Tuesday, February 27, 2018

"...they’ve sent us here to die..."

 Mahul, a former fishing village to the east of India’s Mumbai is now home to 30,000 people who were “rehoused" after their slum homes were demolished to make way for infrastructure projects. They live in 72 seven-storey buildings jammed together in the shadow of oil refineries, power stations and fertiliser plants. The air is pungent with the strong smell of chemicals. Sewage overflows into narrow streets. With the nearest government hospital seven miles away, masked patients stand in obedient lines outside homeopathy clinics, coughing.


Mahul is “critically” polluted, according to India’s central pollution control board. A survey by the city’s KEM hospital found that 67.1% of the neighbourhood’s residents complained of breathlessness more than three times a month, 86.6% complained of eye irritations and 84.5% had experienced feeling a choking sensation.
Then there is the poor quality of the water. “At times, the water has a layer of oil on it – several residents have suffered stomach infections,” says Subhash Jadhav, a 52-year-old journalist who developed a skin complaint after being moved to Mahul. “I’ve complained to the BMC on several occasions, but they say they don’t have enough manpower.”
Rishi Agarwal, a Mumbai-based urban planner, believes that the city’s development is crushing its poorest citizens. “It’s part of the larger gentrification, which is rapidly progressing in Mumbai,” he says. “In the past two decades, the government’s intention has been to push the most underprivileged citizens to the outskirts in order to create housing near the centre for more affluent residents. The displaced have been dumped in rehabilitation centres. These places are devoid of basic amenities like ventilation, waste management, and transport links. Mahul, particularly, is absolute hell.” Following a high court order last year, the BMC says it plans to build a health centre and a school, and ensure a contamination-free water supply. Urban planner Agarwal is unimpressed. “The government doesn’t lack resources to build better alternative accommodation,” he says, “it’s just short on compassion for the poor.”

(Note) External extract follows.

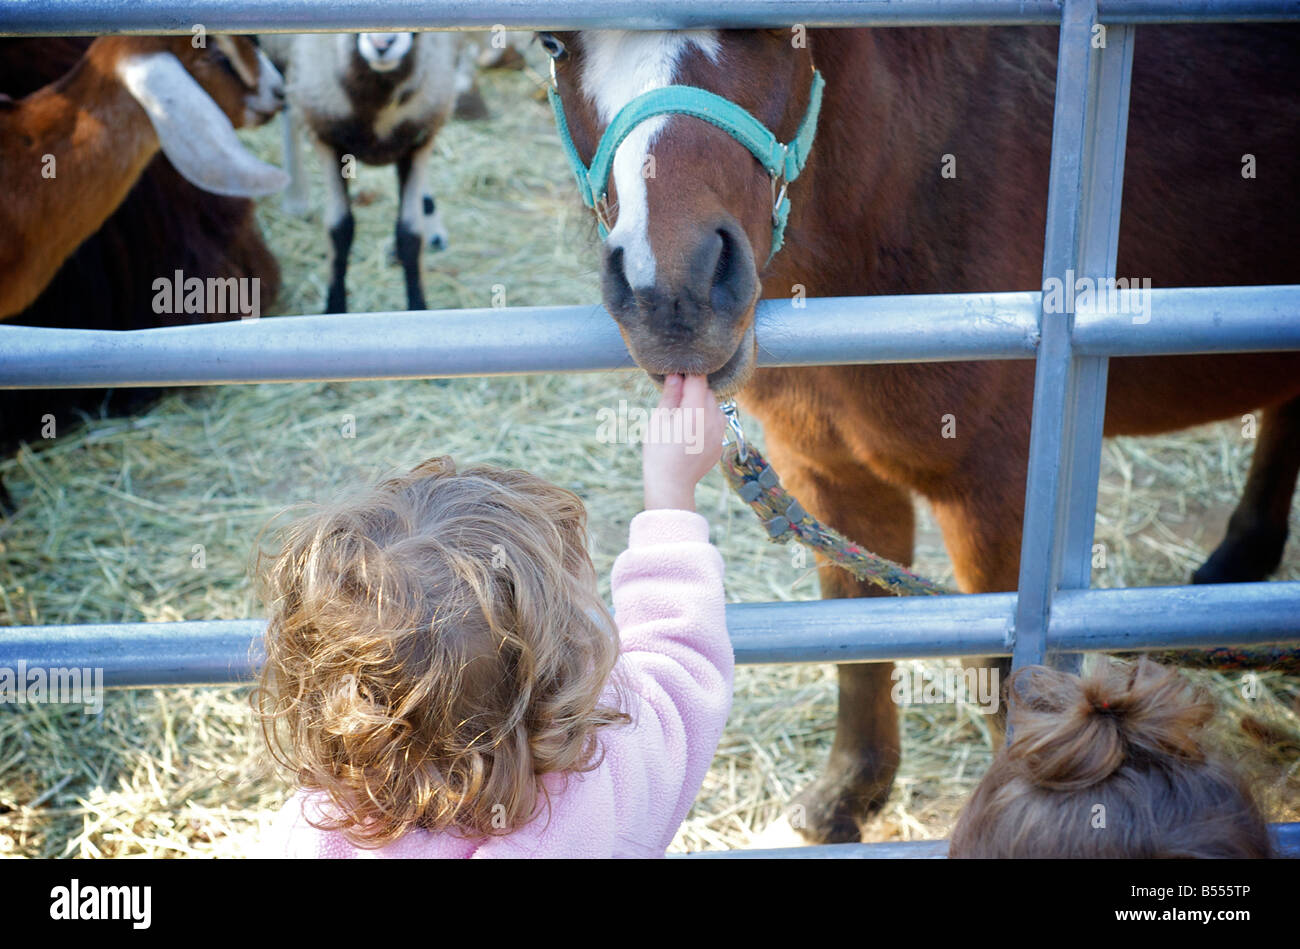 Child Feeds Horse at Petting Zoo at Farm Stock Photo

“There are no schools, hospitals, medical shops or means of livelihood here,” says Anita Dhole, a 40-year-old who was relocated to Mahul after her home was demolished when authorities cleared a secure zone around the city’s colonial-era Tansa water pipeline 12 months ago. “But there are smoke-belching chimneys – and a crematorium. It’s the government’s way of telling us that they’ve sent us here to die.”
The city’s civic authority, the Brihanmumbai Municipal Corporation (BMC), started placing people in Mahul six years ago after the high court called for 10 metres to be cleared either side of the pipeline for health and security reasons. When the BMC started clearing illegal housing, the displaced residents quickly returned to rebuild.

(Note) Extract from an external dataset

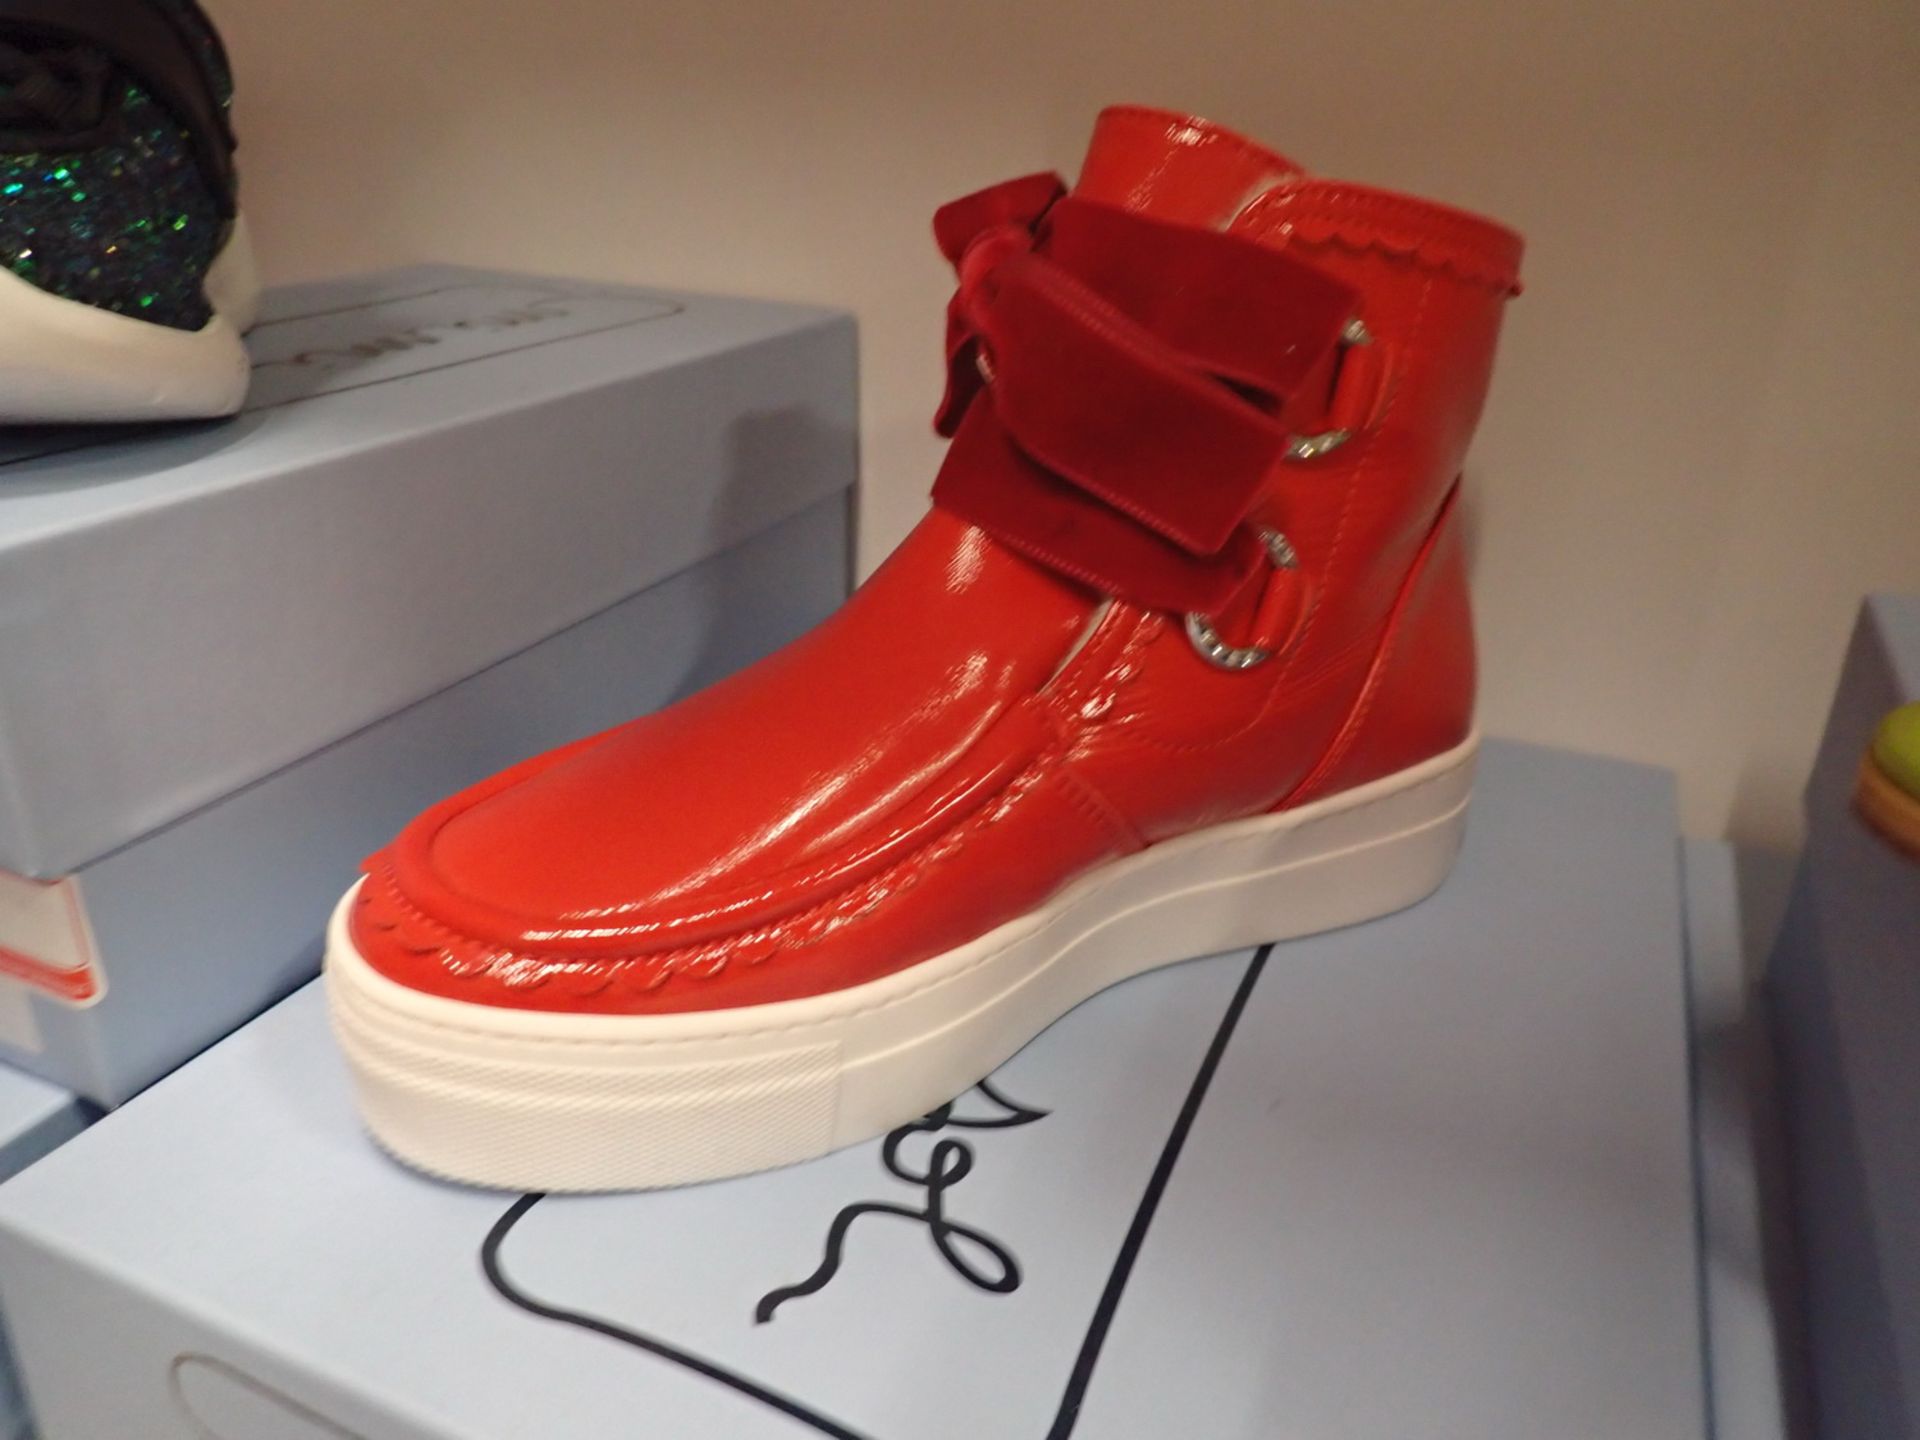 PAIRS - MIMISOL RED BOOTS

Last September the authorities came up with a new plan: a $45m, 24-mile cycling and jogging track along the length of the Tansa, which runs in two sections: from Mulund in the north-east to Dharavi in the centre, and Ghatkopar in the east to Sion in the south.
The Green Wheels Along Blue Lines cycle and running track would serve a dual purpose: keep the area clear of illegal shacks by opening the space around the pipeline to the public, and provide an environmentally friendly and healthy route across the chaotic and crowded city. Work is due to start in April and be completed in two years. To date 16,000 homes have been cleared along the pipeline, with a further 6,000 slated for demolition. 
Sushila Yadav fears any changes that do come would be too late. She lost her 11-year-old son, Aman, three years after they were moved to Mahul. What started as breathlessness swiftly spiralled into a lung disorder. Now her 20-year-old daughter Komal has similar symptoms. “Before we moved to Mahul, my husband, our four children and I lived in a 50 sq ft shack next to a sewer,” she says. “It was difficult, but at least all of us were alive. Given a chance, I’d leave Mahul and take my children back on the street.”